Sports use both. An NCAA bracket with 64 teams has 2⁶³ ≈ 9.2 quintillion possible outcomes. Fantasy lineup selection from a player pool uses combinations when everyone plays the same role, or permutations when positions differ.
Connection to Probability
Probability calculations depend on combinatorics when outcomes are equally likely. The formula P(event) = favorable outcomes / total outcomes needs accurate counting on both sides. Drawing 5 cards from a deck, the chance of getting all hearts is C(13,5) / C(52,5) = 1287 / 2,598,960 ≈ 0.0495%.

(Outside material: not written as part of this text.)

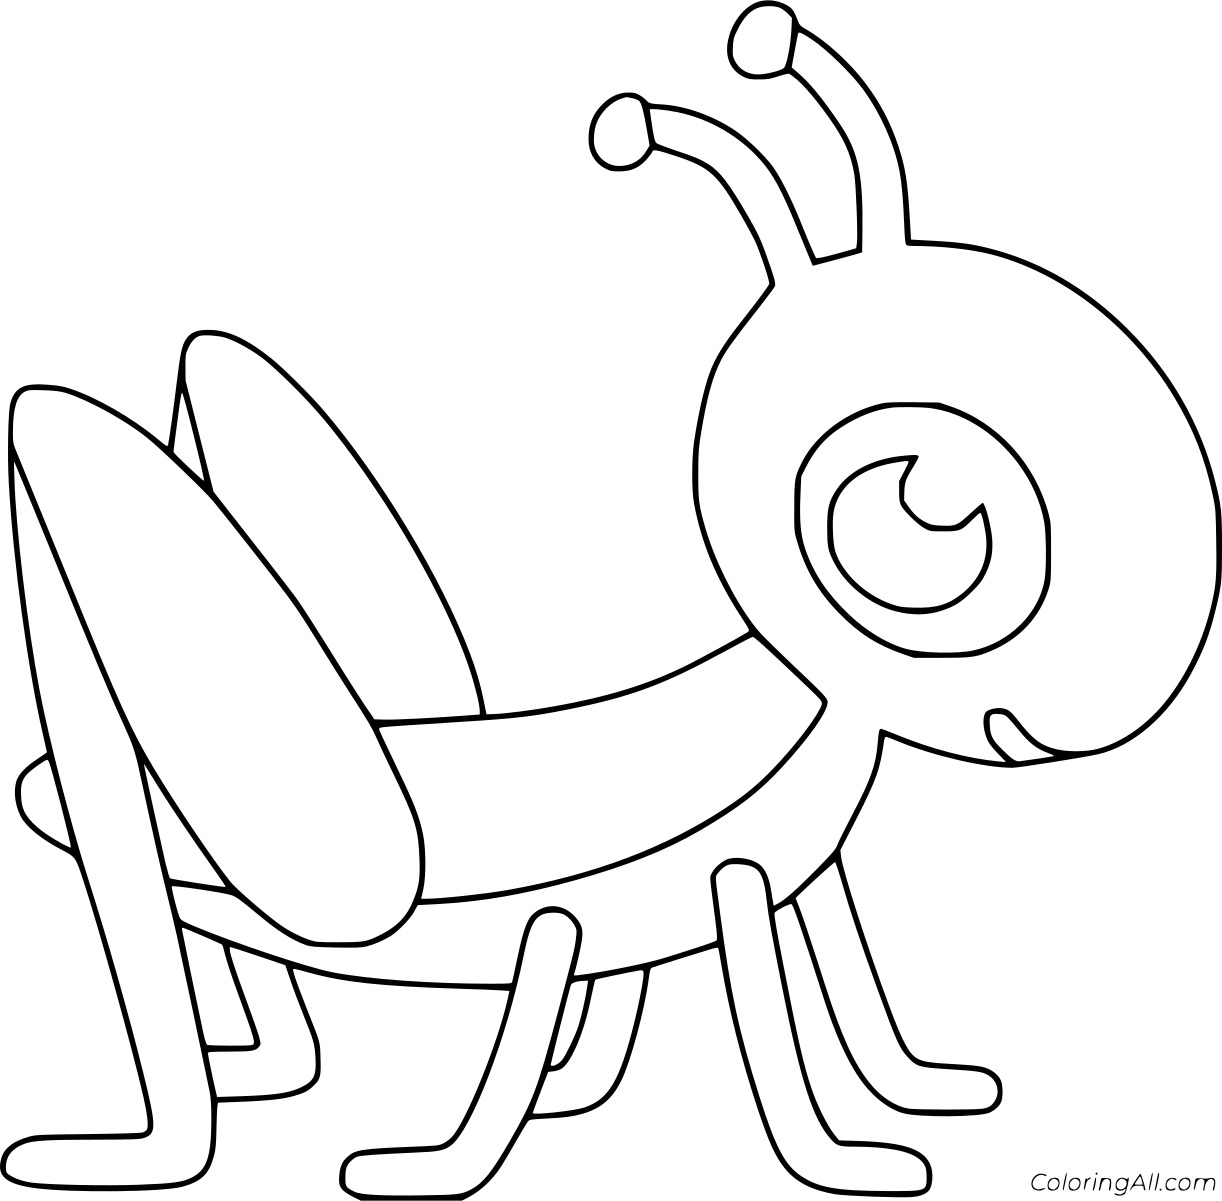 Blank Cartoon Grasshopper
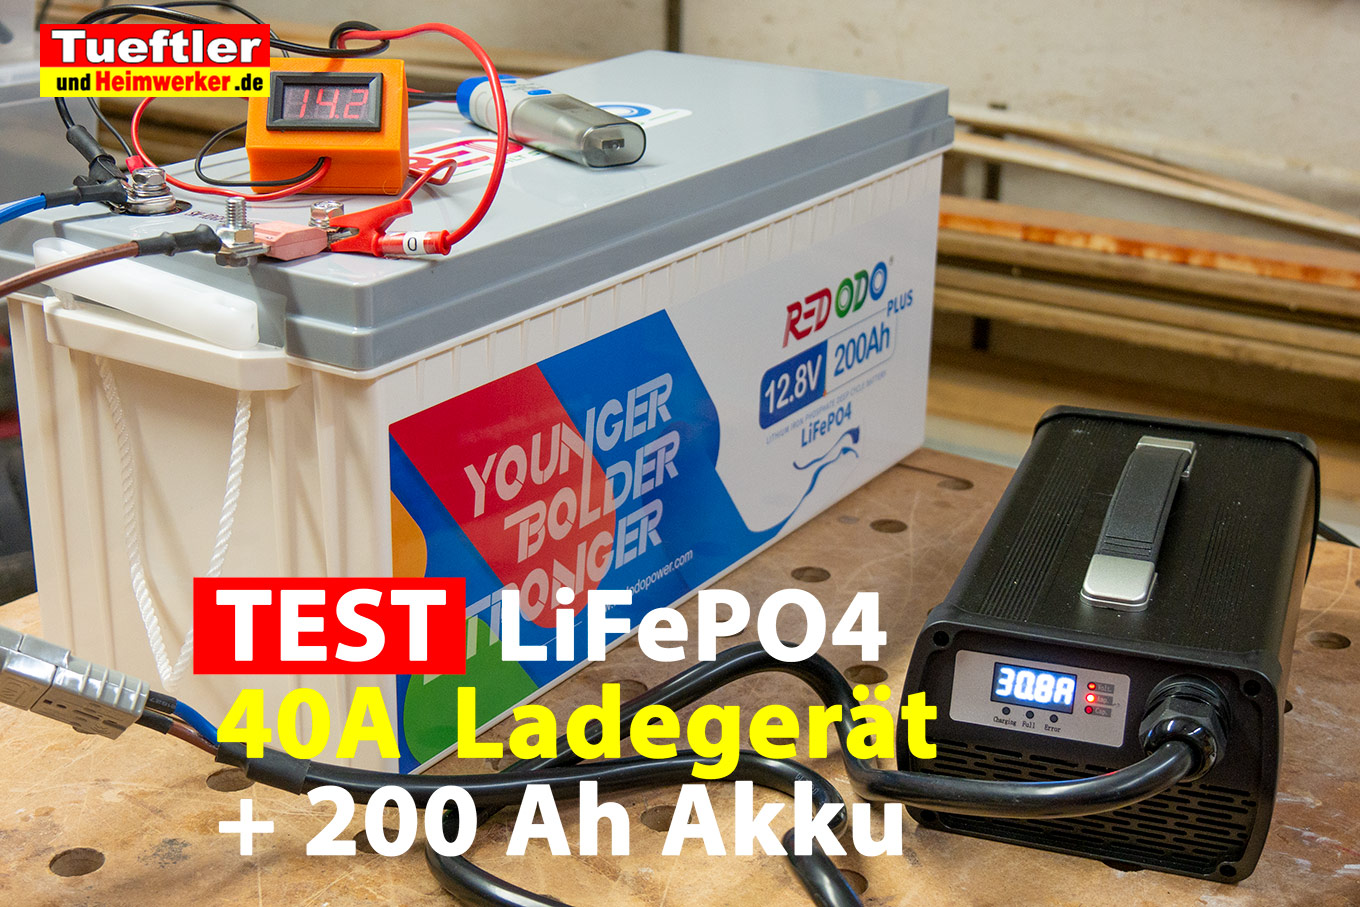 Redodo Akku und Ladegerät Test- LiFePO4 Belastung u. BMS-Test

The birthday problem shows some unexpected results. In a group of just 23 people, there's better than 50% chance that two share a birthday. You calculate it with permutations: P(all different) = P(365,23) / 365²³. With 50 people, the odds of a shared birthday jump above 97%, way higher than most people guess.
Poker odds come down to counting combinations. A royal flush (10-J-Q-K-A of one suit) can happen in C(4,1) = 4 ways out of C(52,5) = 2,598,960 possible hands. That's about 0.000154%. A full house needs C(13,1) × C(4,3) × C(12,1) × C(4,2) = 3,744 ways, roughly 0.144%.
Common Mistakes to Avoid
- Mixing up permutations and combinations: Before calculating, ask yourself: "Is ABC different from CBA?" If a lottery draws numbers one at a time but only the final set matters for winning, that's still a combination—what matters is the context, not how the problem is worded.
- Forgetting that 0! = 1: Both P(n,0) = 1 and C(n,0) = 1 rely on this. There's exactly one way to arrange zero items (do nothing) and one way to select zero items (select none). The formulas only give correct answers when 0! = 1.
- Computing full factorials before dividing: For P(100,3), just calculate 100 × 99 × 98 directly. Don't try to compute 100!/97! with huge intermediate values. Use symmetry too: C(100,97) = C(100,3), so pick the smaller r.
- Assuming repetition is or isn't allowed: A "4-digit code with distinct digits" gives P(10,4) = 5,040. A "4-digit code" allowing repetition gives 10⁴ = 10,000. Always check whether replacement is permitted before picking a formula.